# Tips for Writing Neatly and Quickly?



## TheAzn (Jan 13, 2012)

Does anybody here have any great tips on how to write *both *neatly and quickly, besides practicing?

Advising people to practice is a good thing, but I am curious if there are any other advices.


----------



## ShouNagatsuki (Oct 20, 2012)

Back in elementary school, we were asked to trace a teacher's writing using a tracing desk, repeatedly, every day. It's kinda OCD-ish but after a month I could write neatly and quickly.


----------



## TobeyJuarez (May 16, 2012)

TheAzn said:


> Does anybody here have any great tips on how to write *both *neatly and quickly, besides practicing?
> 
> Advising people to practice is a good thing, but I am curious if there are any other advices.


take notes on a laptop


----------



## Brasilia (Aug 23, 2012)

Practice
practice
practice


----------



## vanishingpt (Mar 9, 2012)

LOL I'm not sure if there is any other advice other than to practice... anyway, I think neat notes have good spacing between the lines. If things are too condensed, it just looks like a wall of text, whereas if there's more "white/blank space" then it'll be easier for the eye to follow through with the words.
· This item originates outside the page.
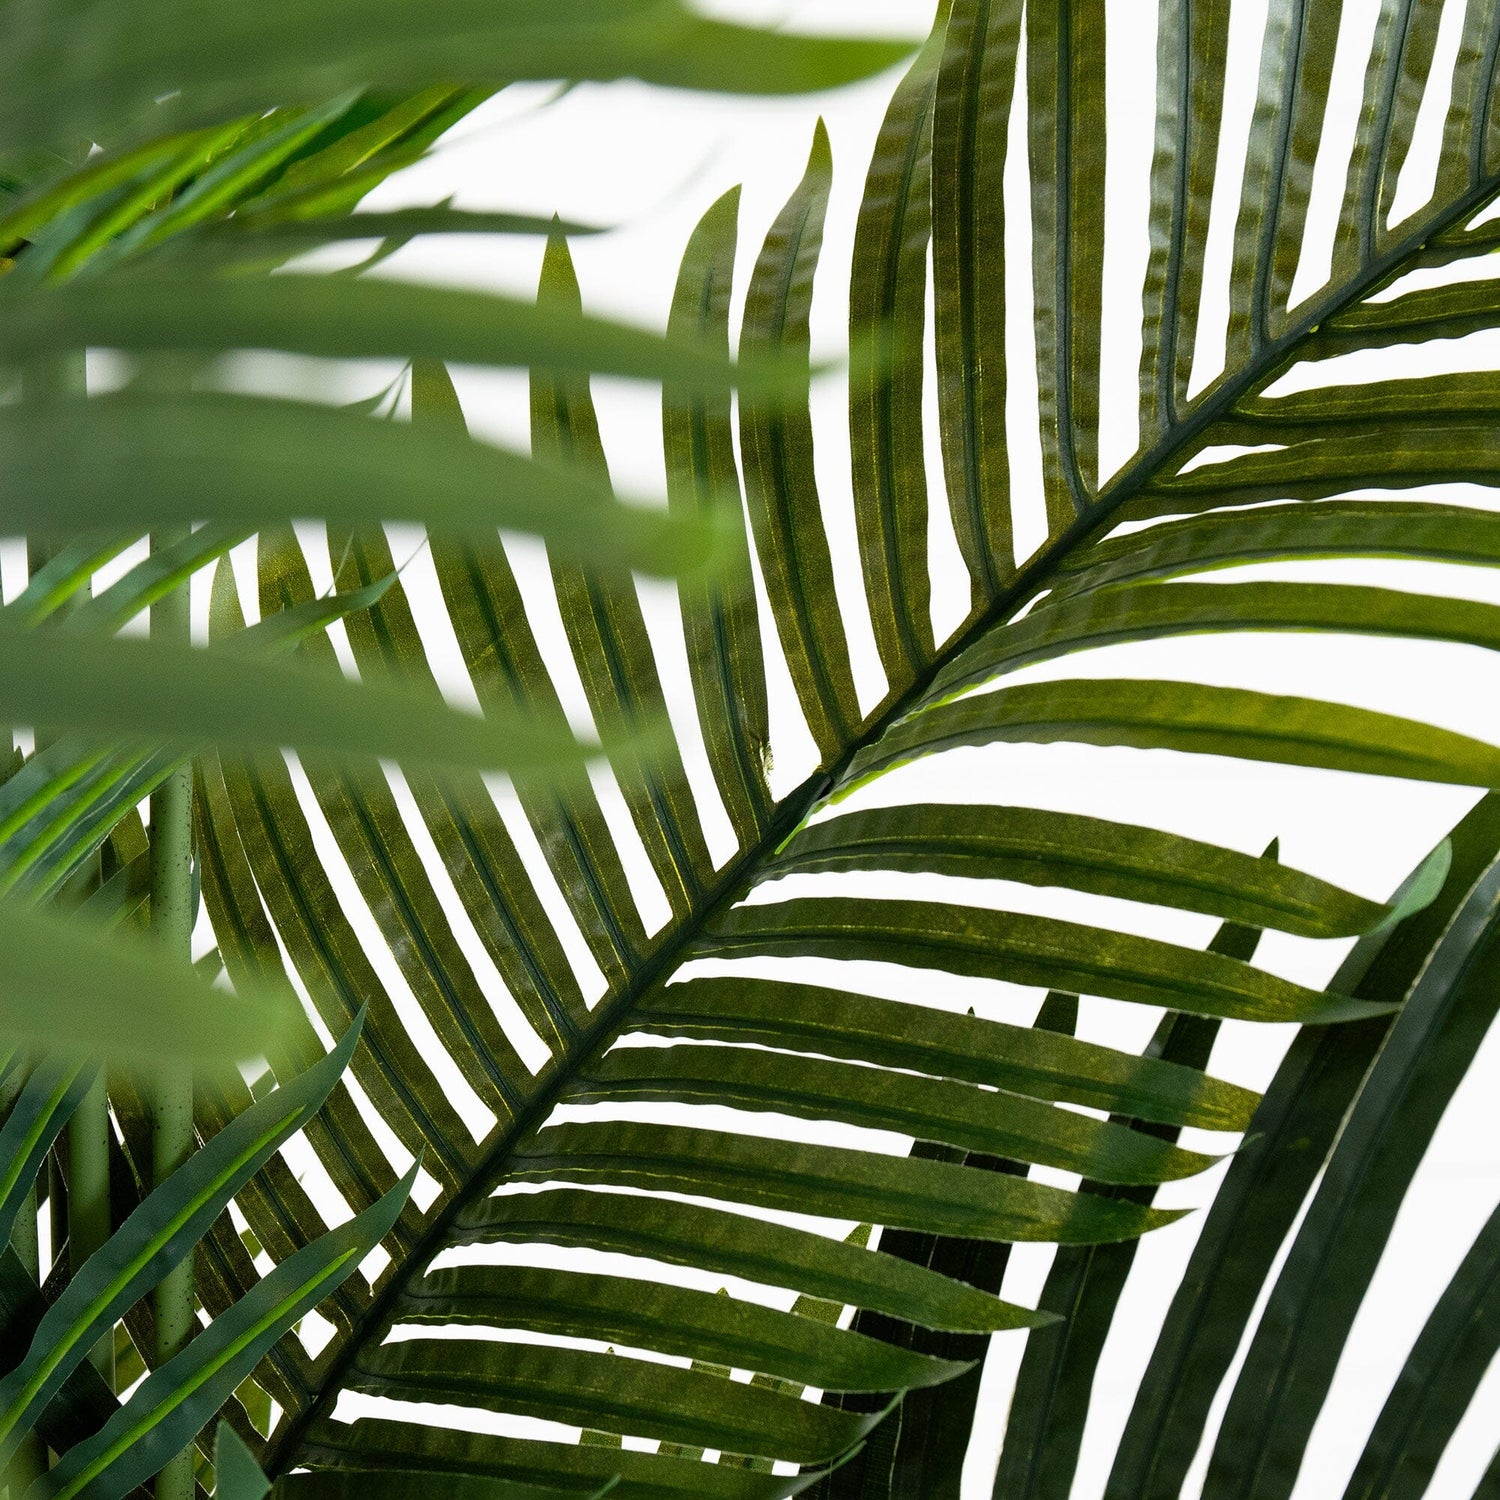 8’ Artificial Paradise Palm Tree

As for writing quickly, you can only really practice for that... it's hard to write quickly without actually doing it LOL.


----------



## farfegnugen (Aug 16, 2010)

I used to take incomprehensible notes. The two things that I found effective was develop a shorthand for common words and technical words that you use a lot. 2nd was to rewrite your notes or type them while they're still fresh with space to jot down text notes and test prep.
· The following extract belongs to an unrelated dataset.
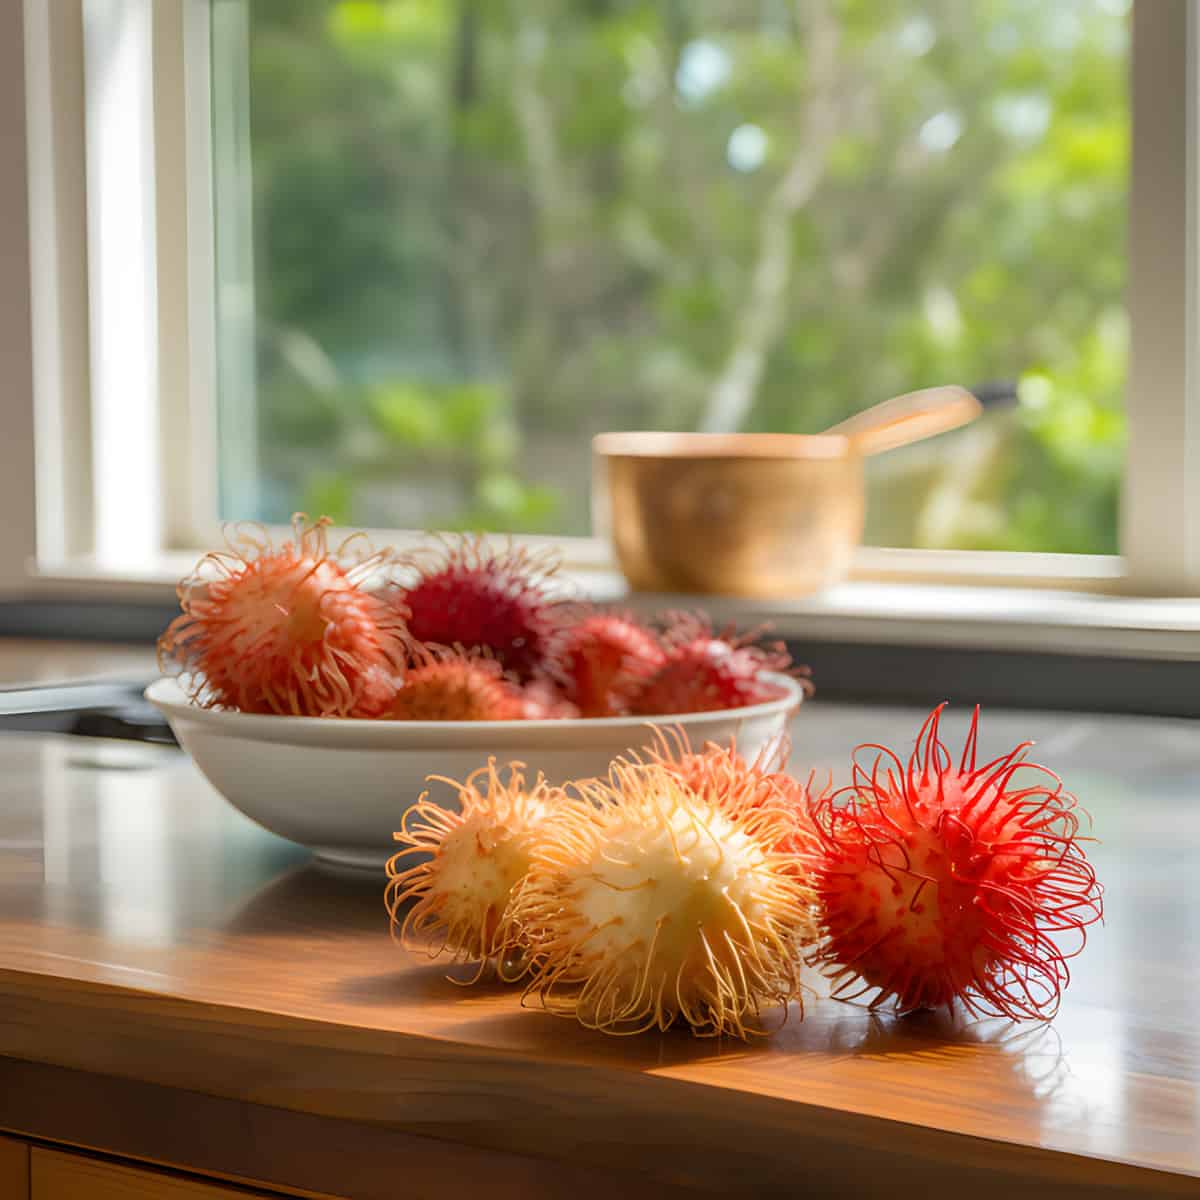 Rambutan on a kitchen counter

For essays on tests, I think I had to learn to be concise with what I was saying. If you do need to write faster, hold your pen looser and know what you're going to say before you write it.


----------



## TheAzn (Jan 13, 2012)

vanishingpt said:


> LOL I'm not sure if there is any other advice other than to practice... anyway, I think neat notes have good spacing between the lines. If things are too condensed, it just looks like a wall of text, whereas if there's more "white/blank space" then it'll be easier for the eye to follow through with the words.
> 
> As for writing quickly, you can only really practice for that... it's hard to write quickly without actually doing it LOL.





farfegnugen said:


> I used to take incomprehensible notes. The two things that I found effective was develop a shorthand for common words and technical words that you use a lot. 2nd was to rewrite your notes or type them while they're still fresh with space to jot down text notes and test prep.
> 
> For essays on tests, I think I had to learn to be concise with what I was saying. If you do need to write faster, hold your pen looser and know what you're going to say before you write it.


Thank you Vanishingpt and Farfegnugen for the advices.


----------



## W A N D E R L U S T (Oct 2, 2012)

If you can, make words shorter but in ways that you'll remember. This is what heaps of restaurants do. Like for spring rolls you could put s rolls or spring r. It's like giving words nicknames so you can remember them easier when looking back at notes or something. Or just skip words that aren't important like "and" "the" "or", etc.


----------



## SuperSky (Feb 16, 2011)

Make everything into an acronym. Or MEIAA.


----------



## Electric Emu (Oct 28, 2012)

Try sloping your writing to the right a little and holding the pen loosely such that you're not pressing too hard on the page. Other than than, as other people have said, you could try learning a shorthand system such as Pitman for example - they're based on phonetics and should allow you (with practice) to write as quickly as you can speak!


----------



## Nono441 (May 14, 2012)

I take notes mentally, somehow. It's pretty neat and fast, you could try it.


----------